All three points – the wireless protocol, the device itself and the outbound protocol – are highly sensitive and could present multiple entry points for attackers to, at the very minimum, steal sensitive information, or potentially modify settings as well, Rehman explained. "It's clear that the first step is to harden and protect the device first and foremost, and secure the two protocols and all the keys involved.”
"I think all parties – investors, companies and the SEC – will want to take a closer look at existing investor disclosure policies to evaluate whether the current approach is effective," Jacob Olcott, vice president of business development at BitSight, told SCMagazine via email on Friday. "In recent years, investors have expressed an interest in consuming data on cybersecurity, but have had difficulty accessing that information."
This incident, Olcott explained, suggests there's a more granular level of cybersecurity information that some investors are interested in, namely cybersecurity in medical devices. "It's unclear whether existing disclosure guidance clearly addresses the issue today."
"The overblown and misleading disclosure of this 'research' was structured purely to maximize opportunistic financial gains," Alex Rice, co-founder and CTO at HackerOne, told SCMagazine via email on Friday. "I'd hope the SEC investigates this dangerous behavior as classic short and distort securities fraud. The disclosure of vulnerabilities in any technology should place the safeguard of consumers first, not blatant personal greed."
Katie Moussouris, a bug bounty expert and the founder and CEO of Luta Security, a new security start-up company, also questions the precedence being set. This is a classic 'responsible' disclosure debate inside of a safety debate enclosed in a quality debate, wrapped with a dollar bill around it for flavor. Who is responsible? The researchers who make the public aware of the security and safety risk, or the manufacturers who have created the vulnerable products?"
In the past, researchers who reported security issues to vendors would find the vulnerabilities for free, and risk their freedom from prosecution in order to help inform the public of their risk, she explained to SCMagazine.com in an email on Sunday. "Those vendors could either accept the free research and try to improve their security for their customers, or wait for an attack before taking the threat seriously."
The growing market for security vulnerabilities and exploits is still developing, Moussouris points out. "Reasonable people will disagree as to which incentives, on both the researcher and the vendor side, that minimize risk and improve safety."
Other experts saw the news in a different light. Casey Ellis, CEO and founder Bugcrowd, told SCMagazine on Friday via email that the action is unprecedented in terms of the public nature of how it has been discussed. "Has it happened before? Probably. Weev proposed exactly this model under Tro LLC a few years back. It's not a new idea."

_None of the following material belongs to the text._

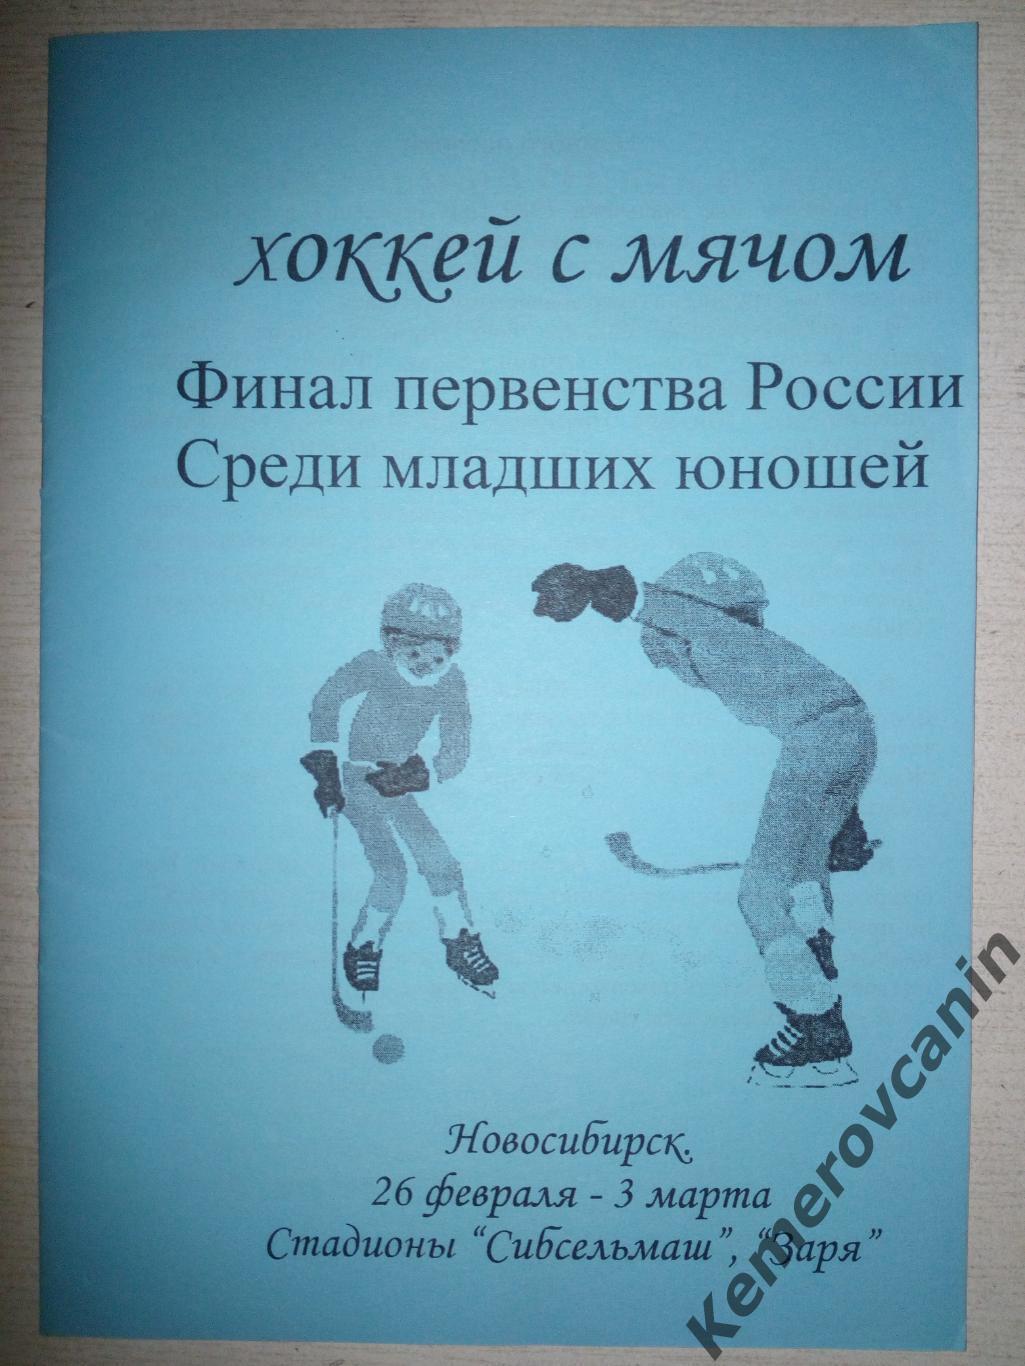 Финал юноши 1989гр Новосибирск 26.2-3.3.2005 Архангельск Красногорск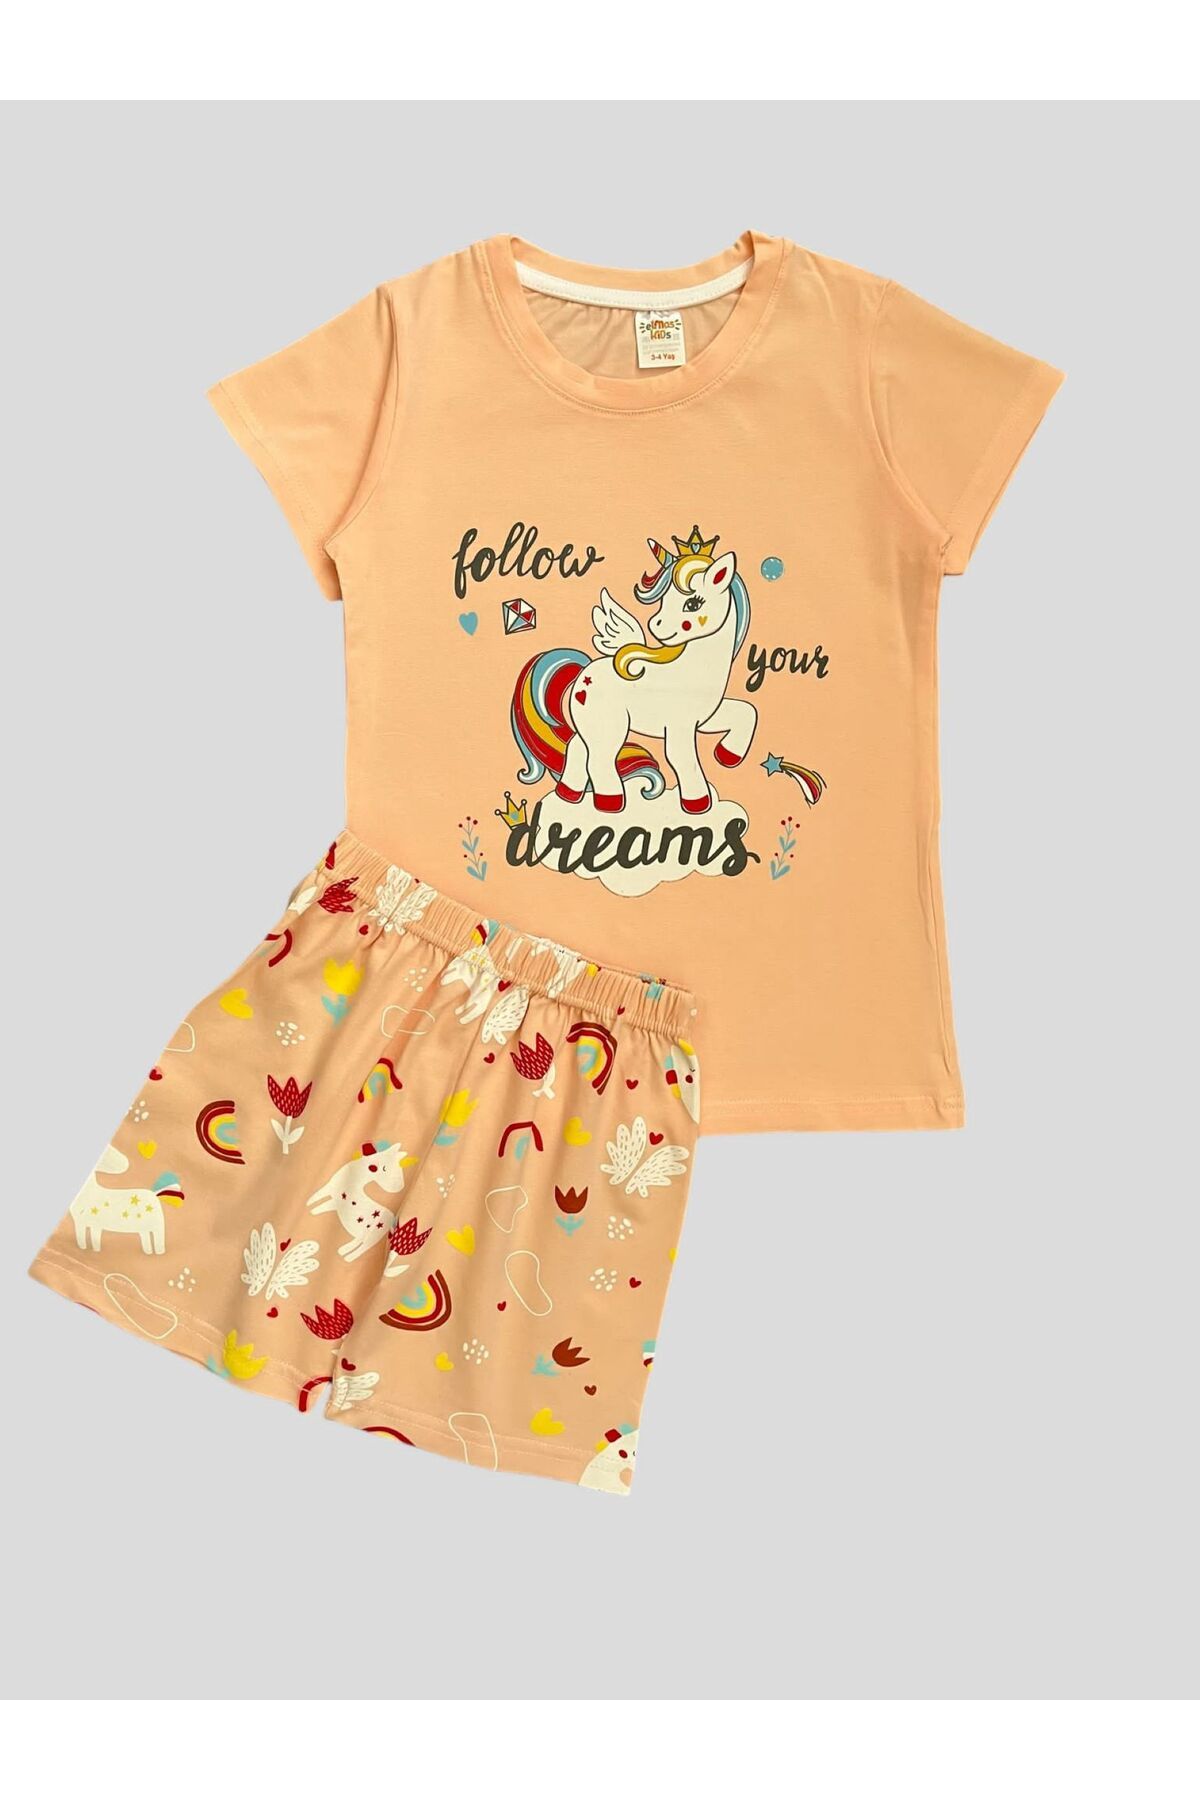 elmas kids Kız Çocuk %100 Pamuklu Unıcorn Desenli Kısa Kollu Şortlu Yazlık Pijama Takımı

[editor's note: Andrew Auernheimer, aka Weev, is an American hacker who set out to form a hedge firm, Tro LLC, which would give software exploit developers the chance to sell their flaws: "I want to continue bringing issues in companies that put you at risk to light, and short the stocks of those companies when I do so," he wrote in a funding letter.]
But, Ellis said, it's useful in that "these safety critical vulnerabilities will more than likely get fixed, and the medical device industry is on notice about reviewing and ensuring the cybersafety of those who depend on it."
It's also concerning, he added, that the relationship between security researchers and vendors is experiencing a transition from fear to cooperation. "This is, by the very nature of the short, a combative action, the signals of which could set that back. Hopefully that doesn't happen."